After running as the only GOP candidate for months, Sears earned herself two right-wing challengers in former delegate Dave LaRock who is “promising to take a buzz saw to Virginia’s government a la Elon Musk’s U.S. DOGE Service” and former state senator Amanda Chase who is running as the self-anointed “‘Trump in heels.’”

Read More About Virginia’s GOP Primary for Governor Being a Far-Right, MAGA Loyalty Test:

  • But Lt. Gov. Winsome Earle-Sears (R) has at least two challengers from the right for the GOP gubernatorial nomination, and all of them are elbowing one another to strike the most pro-Trump pose.
  • Meanwhile, former GOP delegate Dave LaRock (Loudoun) is running against her for the nomination by promising to take a buzz saw to Virginia’s government a la Elon Musk’s U.S. DOGE Service, and former GOP state senator Amanda Chase (Chesterfield) is mounting a challenge as the self-anointed “Trump in heels.”
  • “Logically, it makes little sense,” said Mark Rozell, dean of the Schar School of Policy and Government at George Mason University. “This is their own constituents and people are mad, and trying to find some middle path just isn’t working. … Following Trump is clearly not the path to success in Virginia.”
  • This year, Democrats have repeatedly highlighted the potential danger Trump’s policies hold for the Virginia economy…
  • Yet some Virginia Republicans are clearly on edge about the cuts.
  • Rep.

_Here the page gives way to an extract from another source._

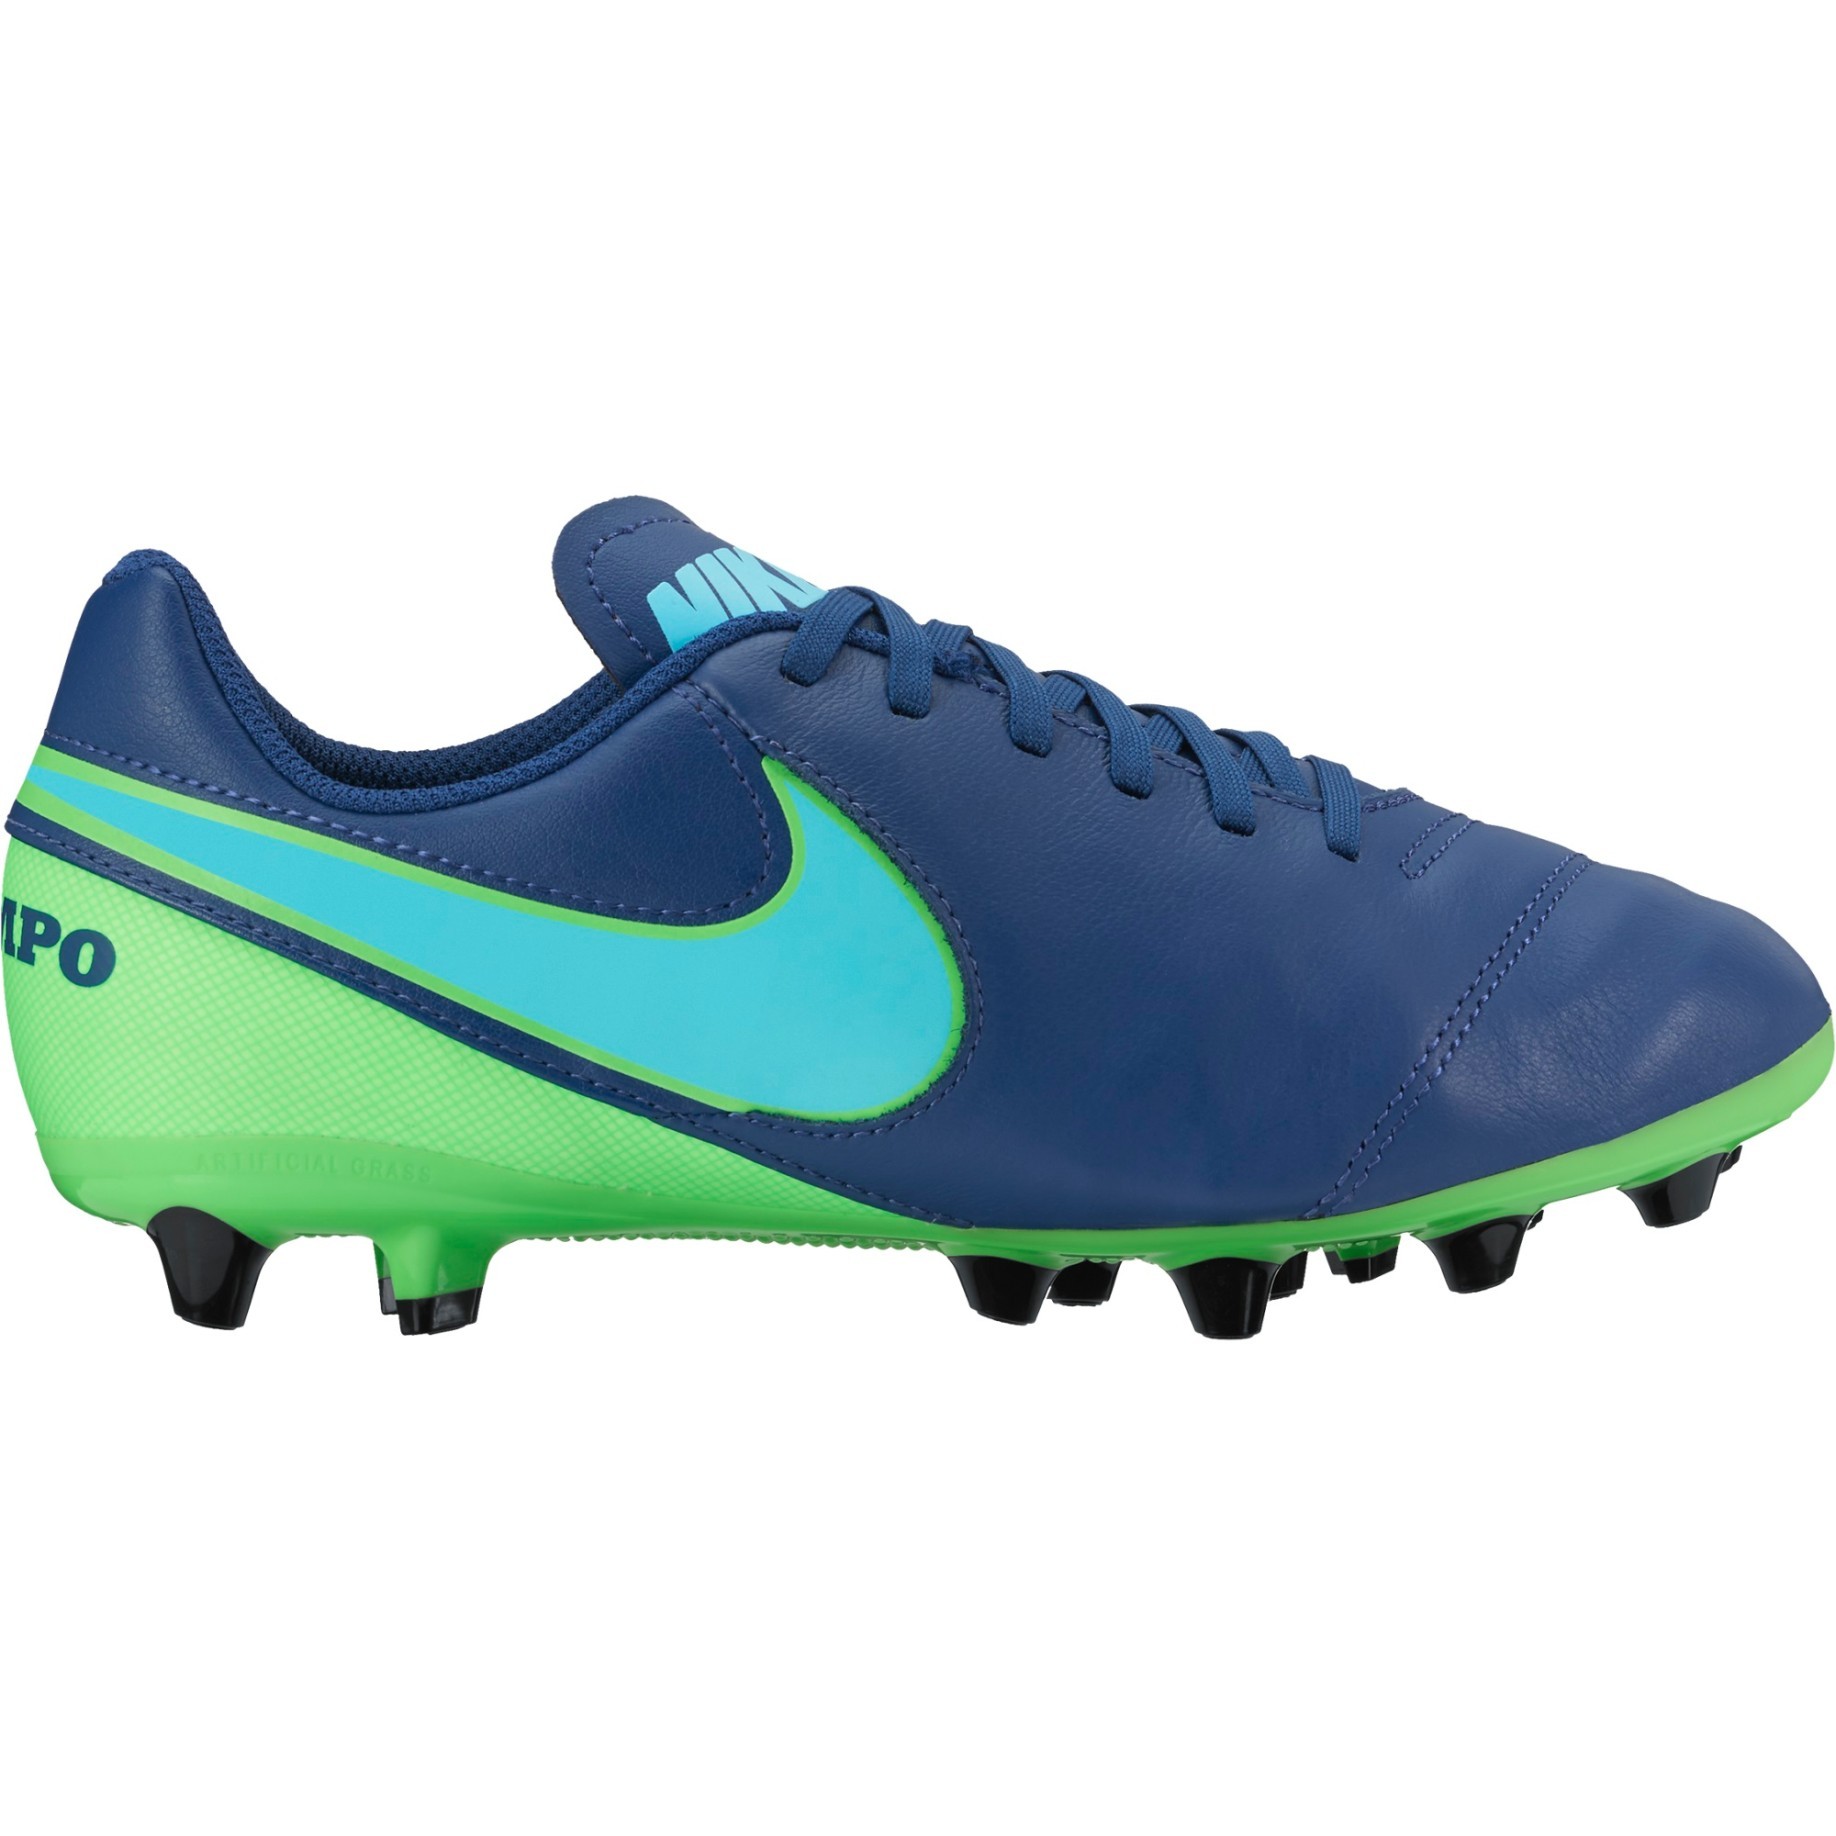 Niños botas de Nike Tiempo Legend VI AG-Pro colore azul azul - Nike - SportIT.com

Jen Kiggans (R-Virginia), who represents a military-heavy swing district anchored in Virginia Beach, wrote to Defense Secretary Pete Hegseth on March 3 to “express concern” over plans to reduce the Defense Department’s civilian workforce by 5 to 8 percent — reductions, she wrote, that would have a “significant impact … on both national security and the veterans who reside in my district.”
  • More than 320,000 Virginia residents, or 10 percent of the state’s overall workforce, are full-time civil service employees according to statistics from the Metropolitan Washington Council of Governments.
  • Bill Bolling, a Republican and former Virginia lieutenant governor, has been supportive of Trump in some areas but expressed concern about his tariff policies on Facebook on March 4.
  • “At a time when inflation remains our major domestic economic challenge, tariffs will only drive up prices for American consumers and make inflation worse,” he wrote. “President Trump was elected in large part to get our economy growing again. This will not help.”
  • Earle-Sears supported Trump in 2016 and traveled the country to promote his reelection in 2020, but in 2022 she said he had become a liability for the party after candidates he endorsed in congressional midterms underperformed.
  • She got on board with Trump’s 2024 campaign after he survived an assassination attempt.
  • But with the Republican gubernatorial candidates headed toward a June primary, they can’t afford to alienate the MAGA base of the party — those who are most likely both to vote and to turn against a candidate not sufficiently Trump-y.